▶ _DATA SHOWN_:
+--

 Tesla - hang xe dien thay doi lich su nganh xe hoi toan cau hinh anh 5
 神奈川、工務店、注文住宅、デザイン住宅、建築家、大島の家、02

+--

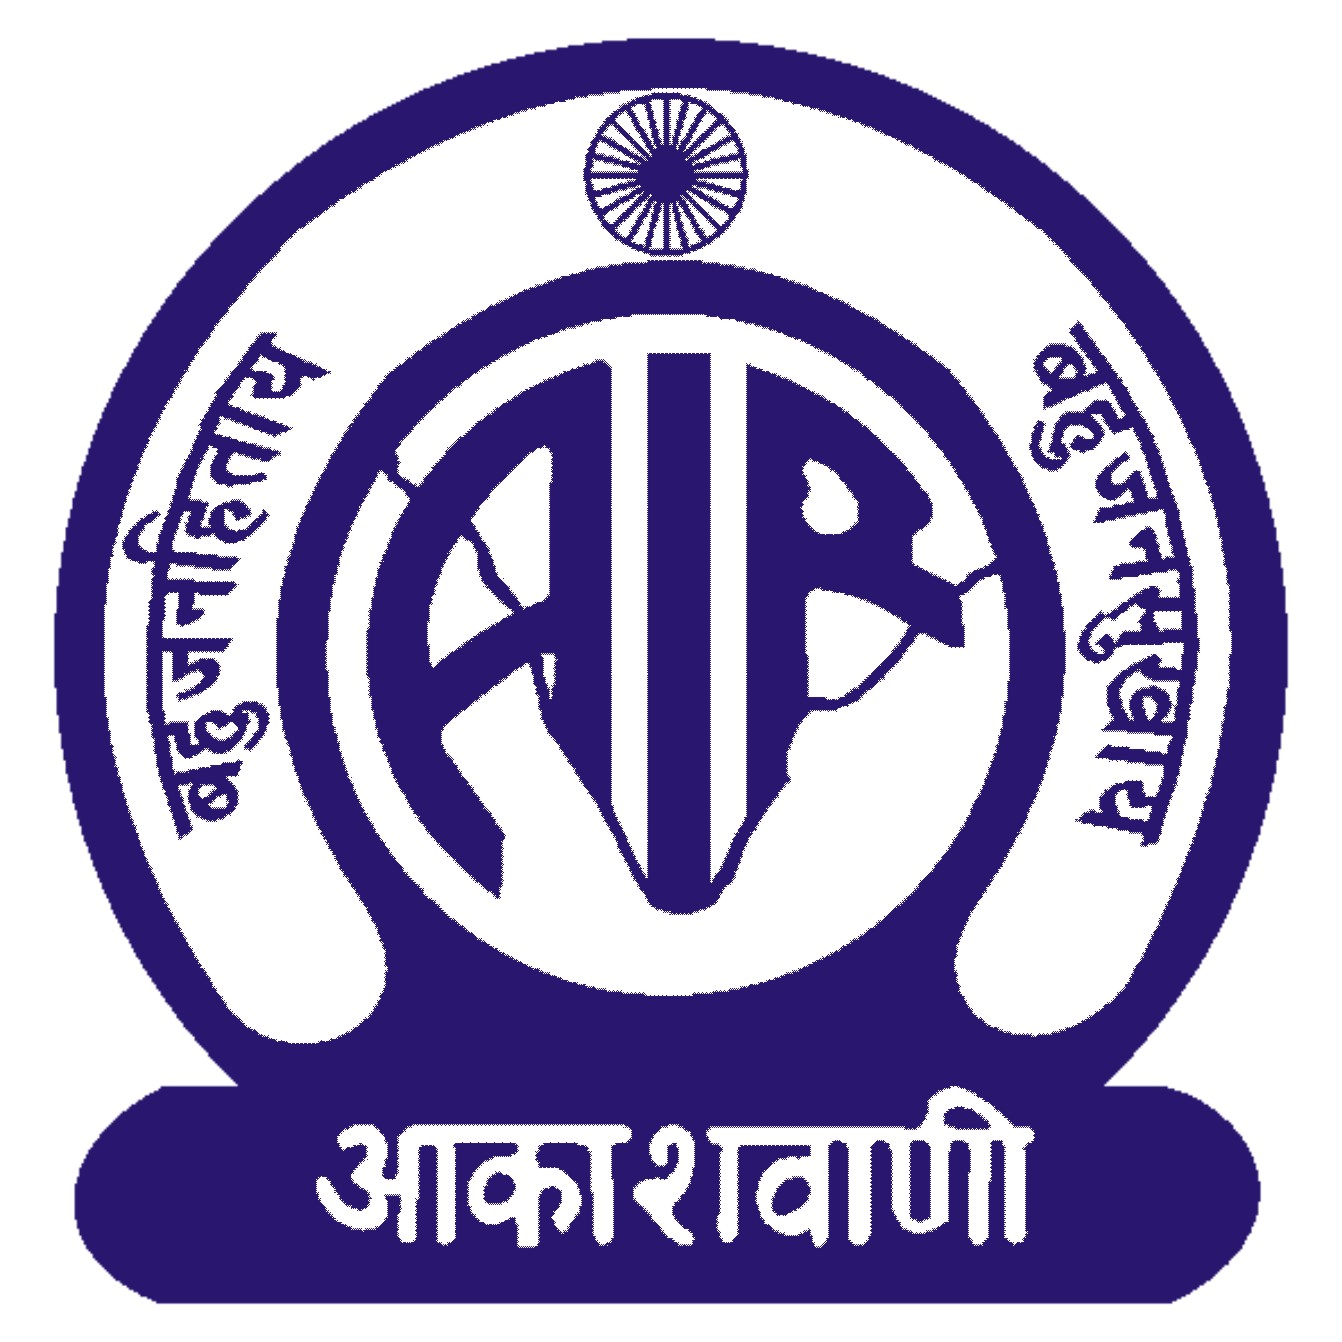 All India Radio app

+--

▶ _EXERCISE DIRECTIONS_: Please transcribe only the lines in the records above running from the line that has "Tesla - hang" through the line that has "神奈川、工務店、注文住宅、デザイン住宅、建築家、大島の家、02", both included, exactly as they appear.

▶ _SOLUTION FOR THIS EXERCISE_:
 Tesla - hang xe dien thay doi lich su nganh xe hoi toan cau hinh anh 5
 神奈川、工務店、注文住宅、デザイン住宅、建築家、大島の家、02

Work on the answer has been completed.